We can use the definition of the spacetime interval to calculate the proper time. For worldlines ACB and ADB, we must break the calculation into two separate segments.

For worldline AB:

\begin{align*}\Delta \tau_\text{AB}^2&=\Delta t_\text{AB}^2-\Delta x_\text{AB}^2 &&\text{definition of spacetime interval}\\ \Delta \tau_\text{AB}&=\sqrt{\Delta t_\text{AB}^2-\Delta x_\text{AB}^2}&&\text{solve for }\Delta \tau_\text{AB}\\ \Delta \tau_\text{AB}&=\sqrt{(5\text{ year})^2-(1\text{ light-year})^2}&&\text{substitute numbers}\\ \Delta \tau_\text{AB}&=4.90 \text{ years}&&\text{final answer}\end{align*}

For wordline ACB:

\begin{align*}\Delta \tau_\text{AC}^2&=\Delta t_\text{AC}^2-\Delta x_\text{AC}^2&&\text{definition of spacetime interval}\\ \Delta \tau_\text{AC}&=\sqrt{\Delta t_\text{AC}^2-\Delta x_\text{AC}^2}&&\text{solve for }\Delta \tau_\text{AC}\\ \Delta \tau_\text{AC}&=\sqrt{(2\text{ year})^2-(-2\text{ light-year})^2}&&\text{substitute numbers}\\ \Delta \tau_\text{AC}&=0\text{ years}&&\text{final answer for AC}\end{align*}

\begin{align*}\Delta \tau_\text{CB}^2&=\Delta t_\text{CB}^2-\Delta x_\text{CB}^2&&\text{definition of spacetime interval}\\ \Delta \tau_\text{CB}&=\sqrt{\Delta t_\text{CB}^2-\Delta x_\text{CB}^2}&&\text{solve for }\Delta \tau_\text{CB}\\ \Delta \tau_\text{CB}&=\sqrt{(3\text{ year})^2-(3\text{ light-year})^2}&&\text{substitute numbers}\\ \Delta \tau_\text{CB}&=0\text{ years}&&\text{final answer for CB}\end{align*}

$\Delta \tau_\text{ACB}=\Delta \tau_\text{AC}+\Delta \tau_\text{CB}=0\text{ years}\nonumber$

\begin{align*}\Delta \tau_\text{AD}^2&=\Delta t_\text{AD}^2-\Delta x_\text{AD}^2&&\text{definition of spacetime interval}\\ \Delta \tau_\text{AD}&=\sqrt{\Delta t_\text{AD}^2-\Delta x_\text{AD}^2}&&\text{solve for }\Delta \tau_\text{AD}\\ \Delta \tau_\text{AD}&=\sqrt{(2\text{ year})^2-(1\text{ light-year})^2}&&\text{substitute numbers}\\ \Delta \tau_\text{AD}&=1.73\text{ years}&&\text{final answer for AD}\end{align*}

\begin{align*}\Delta \tau_\text{DB}^2&=\Delta t_\text{DB}^2-\Delta x_\text{DB}^2&&\text{definition of spacetime interval}\\ \Delta \tau_\text{DB}&=\sqrt{\Delta t_\text{DB}^2-\Delta x_\text{DB}^2}&&\text{solve for }\Delta \tau_\text{DB}\\ \Delta \tau_\text{DB}&=\sqrt{(3\text{ year})^2-(0\text{ light-year})^2}&&\text{substitute numbers}\\ \Delta \tau_\text{CB}&=3\text{ years}&&\text{final answer for DB}\end{align*}

$\Delta \tau_\text{ADB}=\Delta \tau_\text{AD}+\Delta \tau_\text{DB}=4.73\text{ years}\nonumber$

In the previous exercise, note that the wordline connecting A and B directly was the one with the greatest proper time.

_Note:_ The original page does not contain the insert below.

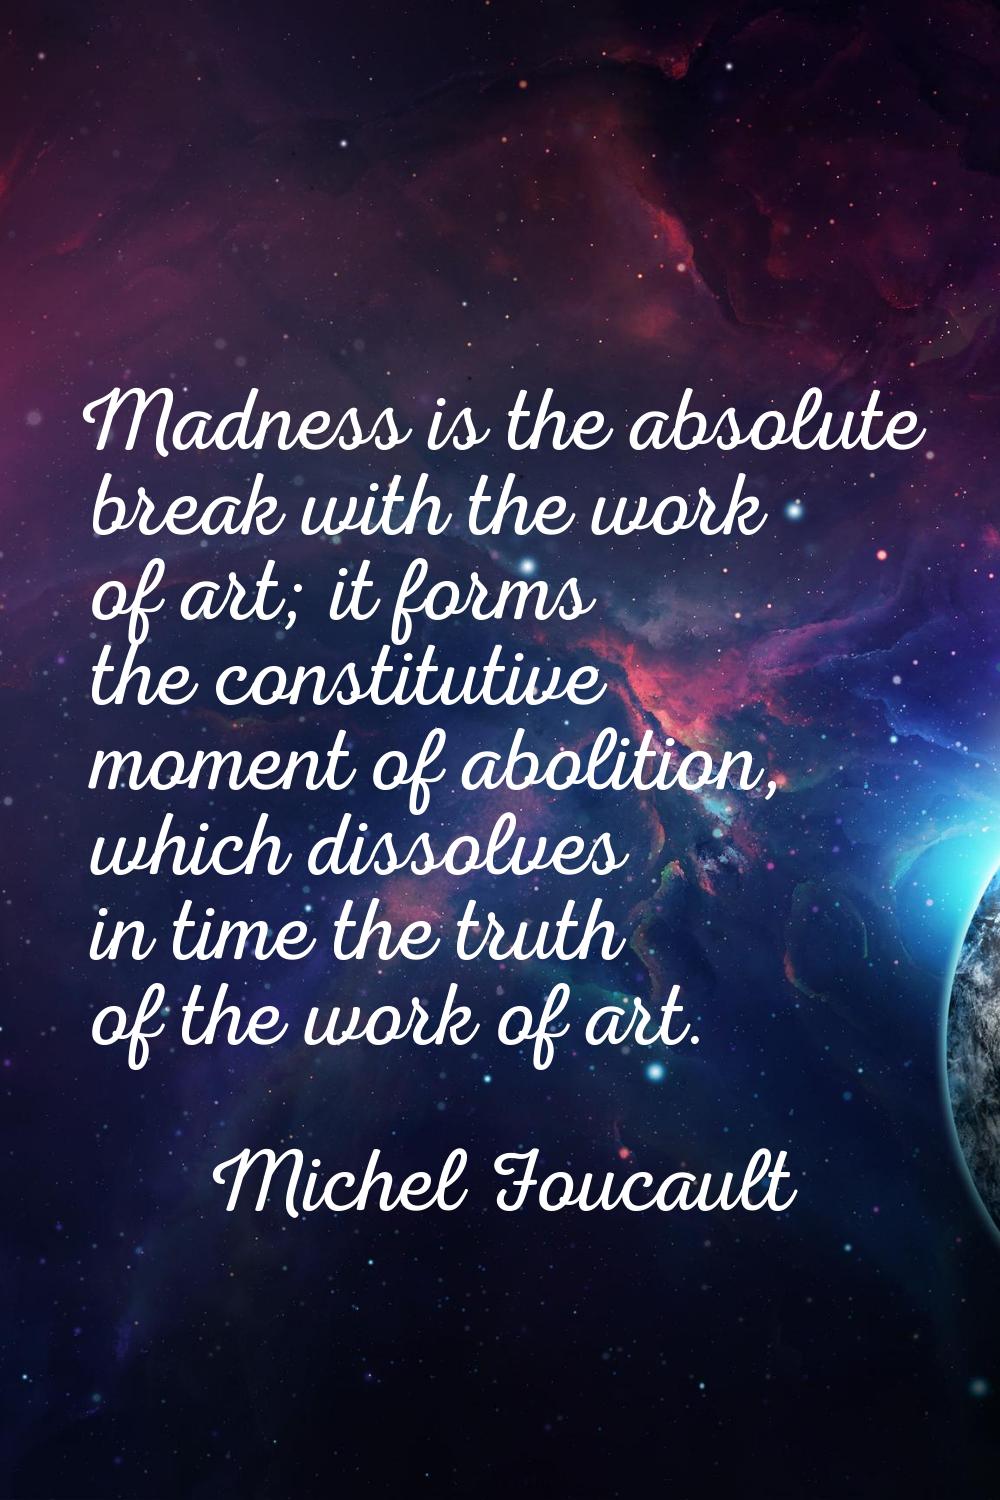 Madness is the absolute break with the work of art; it forms the constitutive moment of abolition,

That is also the path that a free particle would follow (i.e. the inertial path). This fact turns out to be true generally, not just for this problem. We call this phenomenon The Principle of Maximal Aging.

Definition: The Principle of Maximal Aging*

The wordline that a free particle would take between two events is the one with the greatest proper time compared to all other wordlines.

*This terminology is borrowed from Exploring Black Holes by Edwin Taylor and John Wheeler.